AWS CICD Deployment with Github Actions

This repository provides instructions and steps to deploy an application using AWS services and GitHub Actions for continuous integration and continuous deployment (CI/CD).

1. Login to AWS console

Login to your AWS console using your credentials.

2. Create IAM user for deployment

Create an IAM user with specific access for deployment purposes, including EC2 and ECR access. Attach the following policies:

  • AmazonEC2ContainerRegistryFullAccess
  • AmazonEC2FullAccess

3. Create ECR repo to store/save Docker image

Create an Elastic Container Registry (ECR) repository to store your Docker image. Save the repository URI, e.g., 062582090401.dkr.ecr.us-east-2.amazonaws.com/text-s.

4. Create EC2 machine (Ubuntu)

Create an EC2 instance with the Ubuntu operating system.

5. Install Docker in EC2 Machine

Connect to your EC2 instance and install Docker:

sudo apt-get update -y
sudo apt-get upgrade
curl -fsSL https://get.docker.com -o get-docker.sh
sudo sh get-docker.sh
sudo usermod -aG docker ubuntu
newgrp docker

6. Configure EC2 as self-hosted runner

Go to your repository settings in GitHub, navigate to Actions, and set up a new self-hosted runner. Choose the appropriate OS and follow the provided commands

7. Setup GitHub secrets

In your GitHub repository, go to Settings > Secrets and add the following secrets:

  • AWS_ACCESS_KEY_ID: Your AWS access key ID.
  • AWS_SECRET_ACCESS_KEY: Your AWS secret access key.
  • AWS_REGION: The AWS region you are using (e.g., us-east-2).
  • AWS_ECR_LOGIN_URI: The ECR login URI (e.g., 062582090401.dkr.ecr.us-east-2.amazonaws.com/text-s).
  • ECR_REPOSITORY_NAME: The name of your ECR repository (e.g., textsummary-app).

Now, your GitHub Actions workflows can securely access the required AWS resources using these secrets.

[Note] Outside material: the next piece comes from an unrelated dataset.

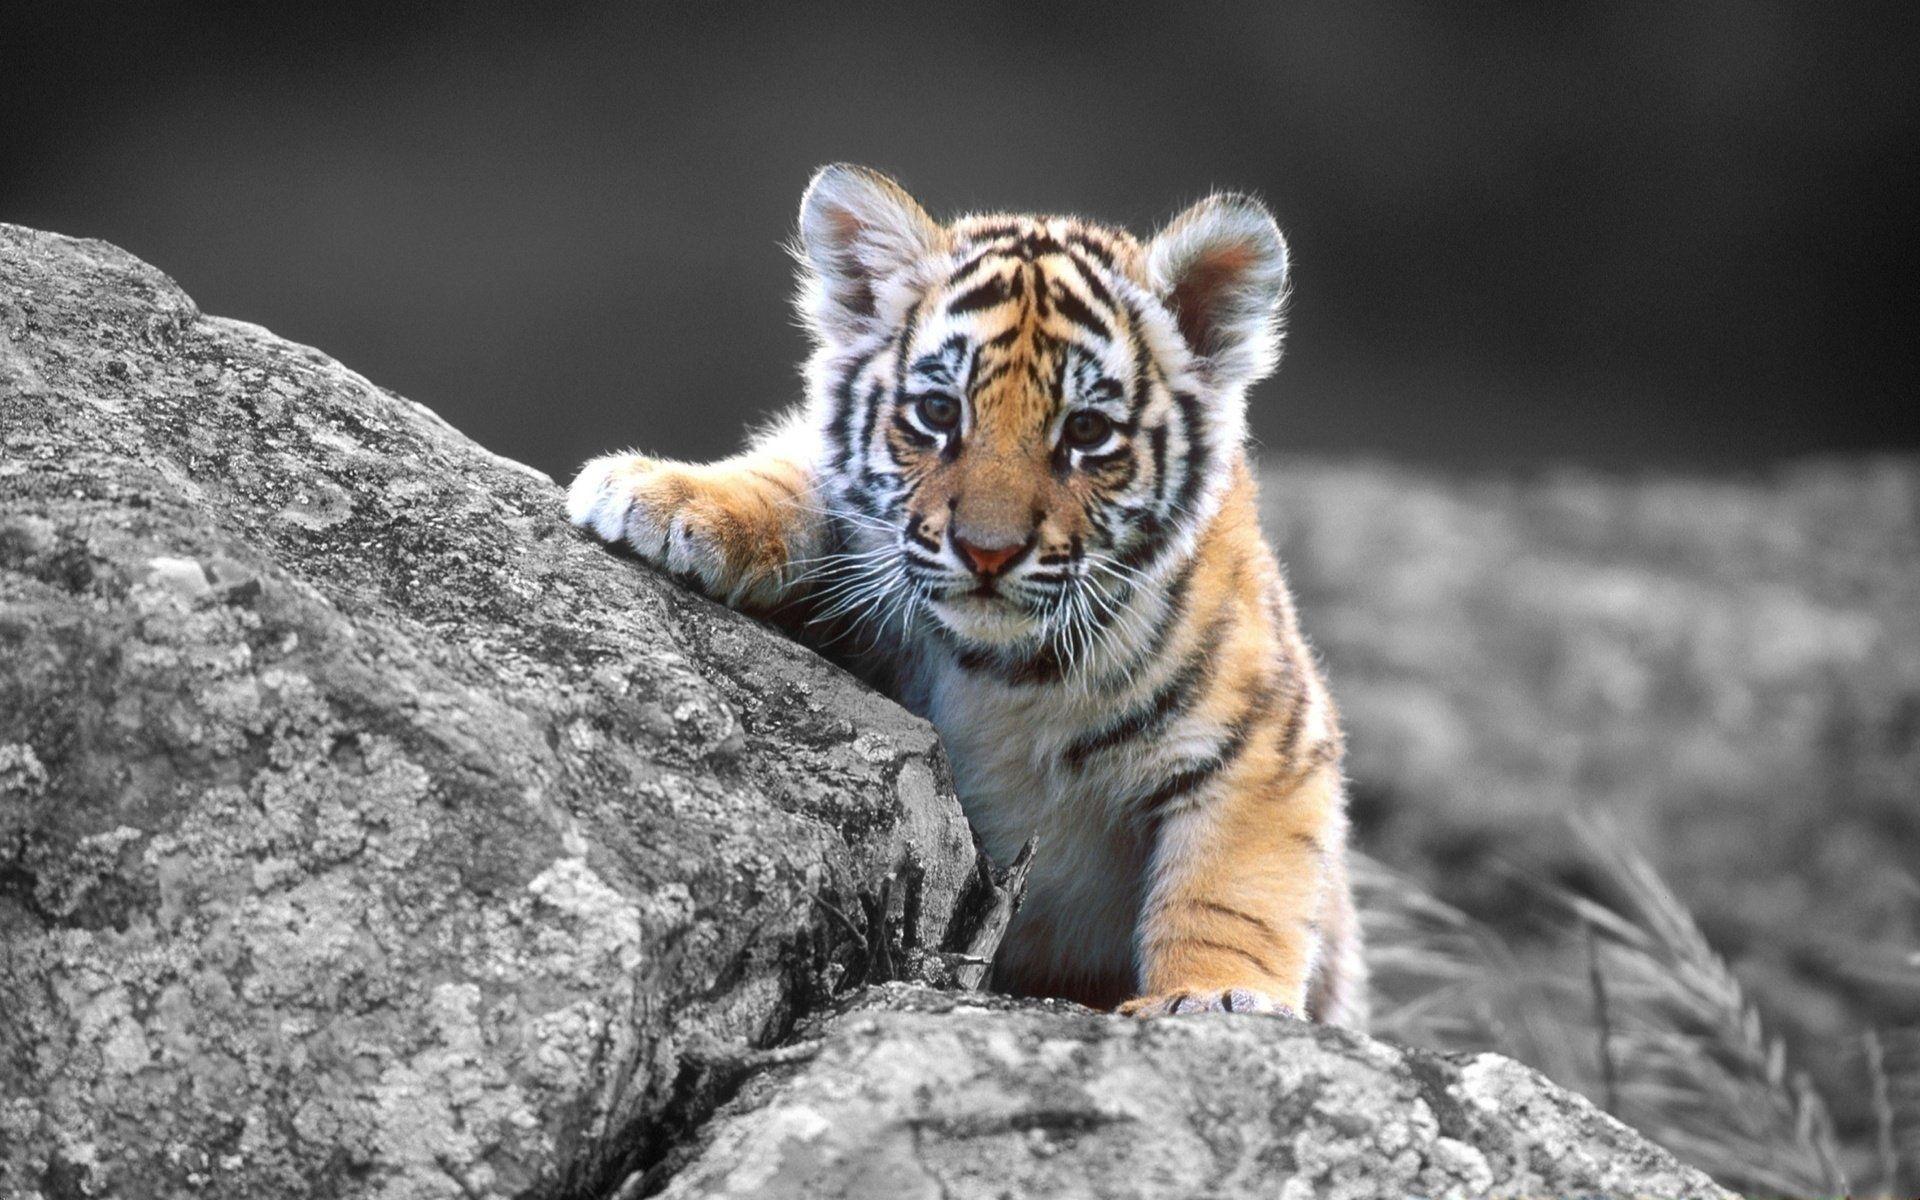 Baby Tiger Wallpapers Wallpaper Cave

Feel free to follow these steps to set up a seamless CI/CD pipeline for deploying your application using AWS services and GitHub Actions.

Please make sure to review and adjust the content as needed, especially the specific AWS resource names and regions based on your project.

Preview of Text Summarizer in Action

Here's a preview of the Text Summarizer application in action:

Text Summarizer Screenshot

Text Summarizer Screenshot

License

This project is licensed under the MIT License. See the LICENSE file for more details.